Штум явился поутру не с обычным визитом доктора, а затем, чтобы поздравить своих больных с праздником: он придавал большую цену такому нелекарскому общению с пациентами, у которых праздники от буден отличались только бисквитом вместо булочки к послеобеденному кофе.

Он зашел к доктору Клебе и узнал, что Левшин живет в Альп-Грюме, а Инга собралась к отъезду вниз. Он смотрел па пол, засунув руки в брючные карманы, и говорил упрямо, с ретийским акцентом крестьянина.

— Вы не должны были отпускать Левшина без моего согласия.

— Но, господин доктор! Я был бы счастлив, если бы пациенты жили у меня вечно!

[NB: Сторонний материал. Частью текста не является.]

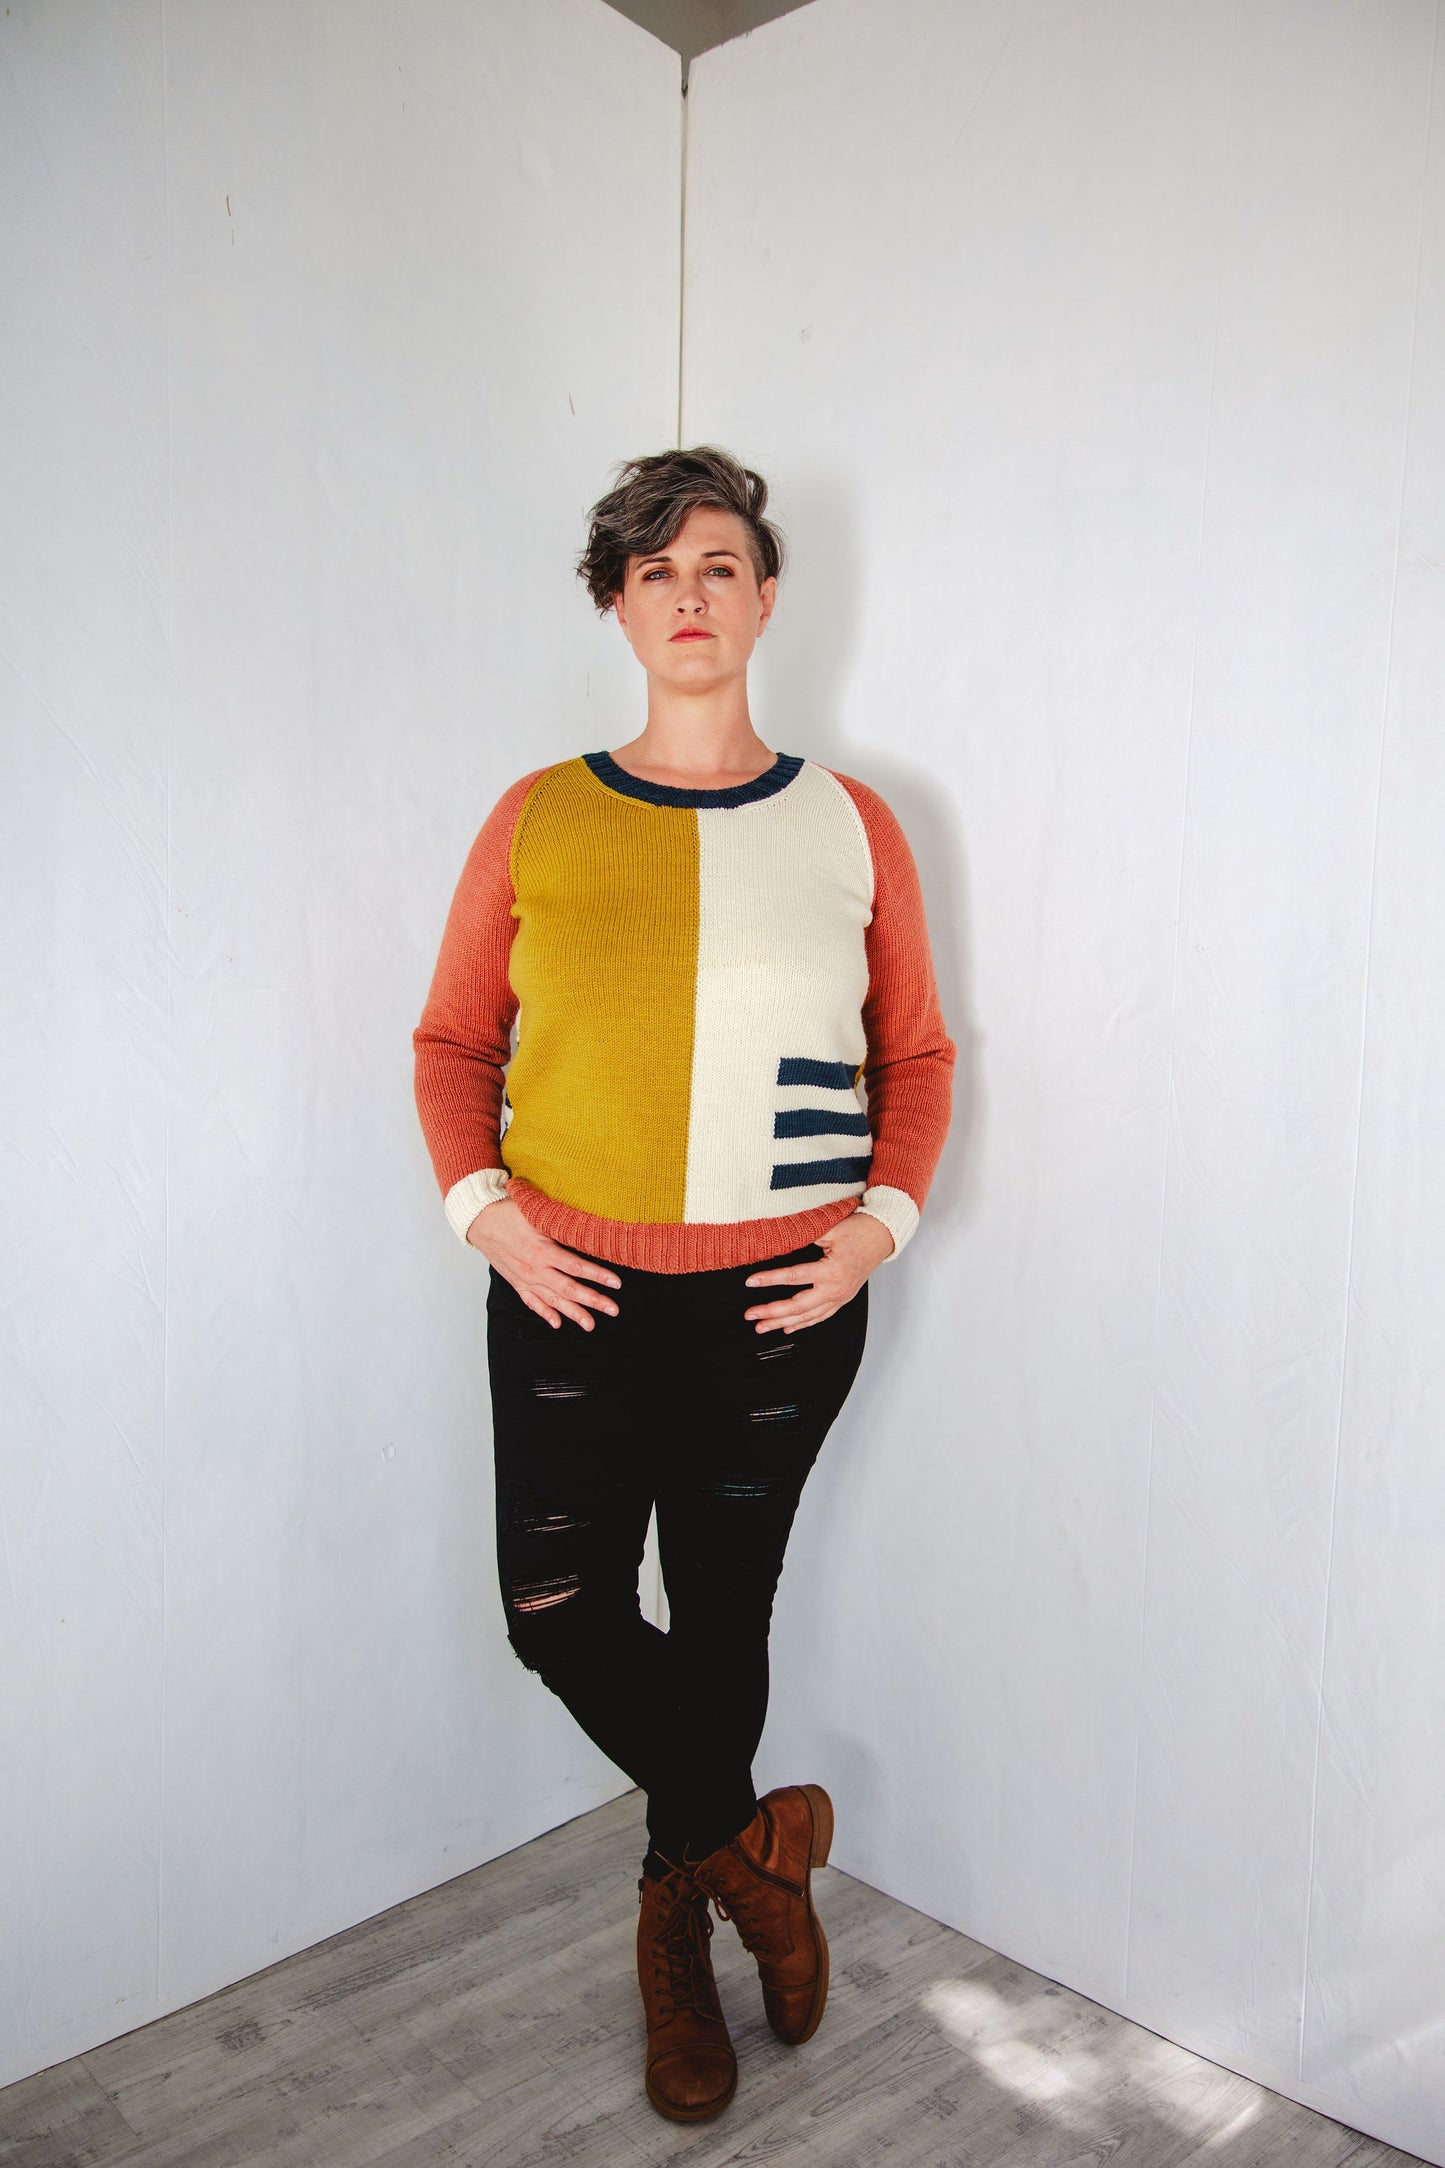 Jen stands, hands in the pockets of her black jeans, looking at the camera. Her hand knit sweater features color blocks of ochre, white, navy blue, and pink, knit using intarsia techniques.

— Это для них совершенно излишне, господин доктор.

— Но для меня…

— Я приглашен сюда лечащим врачом.

— Я понимаю вас. Левшин сказал, что вернется в Арктур, как только уедет фрейлейн Кречмар.

— Я, вероятно, не улавливаю здесь какой-то зависимости, — глухо сказал Штум и постучал ногою по полу.

— Ну, вот именно, — оживился Клебе, — приходится выбирать: вместе они оставаться не могут.

— Так, так. Тогда кому-нибудь надо переехать в другой санаторий.

— Я не гожусь в святые: нельзя требовать от меня, чтобы я думал о других санаториях.

— По о больных?

— Я же и говорю о больных! Разве мне может доставить удовольствие отъезд нашей милой фрейлейн Кречмар?

— Она не уедет без моего разрешения.

— Она хотела с вами говорить.

— А я хотел бы о намерениях моих больных узнавать заранее.

— В конце концов я тоже больной, господин доктор, — измученно выдохнул Клебе, отбегая к балконной двери.

— Вы — больной, однако не пациент. Вы сделали неправильное употребление из санатория: вы его содержите, вместо того чтобы в нем лежать. Это порочный метод лечения.

— Это метод существования, господин доктор, — задыхаясь, прошептал Клебе.

— Метод самоубийства в наше время, — сказал Штум.

— Может быть, может быть! Виновато наше время, а не я. В данном случае не все безнадежно: Левшин возвратится, а нашу милую фрейлейн вы, господин доктор, конечно, убедите лечиться.

— Лечиться от чего? — буркнул Штум. — Попробую пойду.

Около лаборатории ему встретилась доктор Гофман. Взяв за локоть, он повел ее к лифту, и она улыбалась его приятной, грубовато-ласковой неуклюжести.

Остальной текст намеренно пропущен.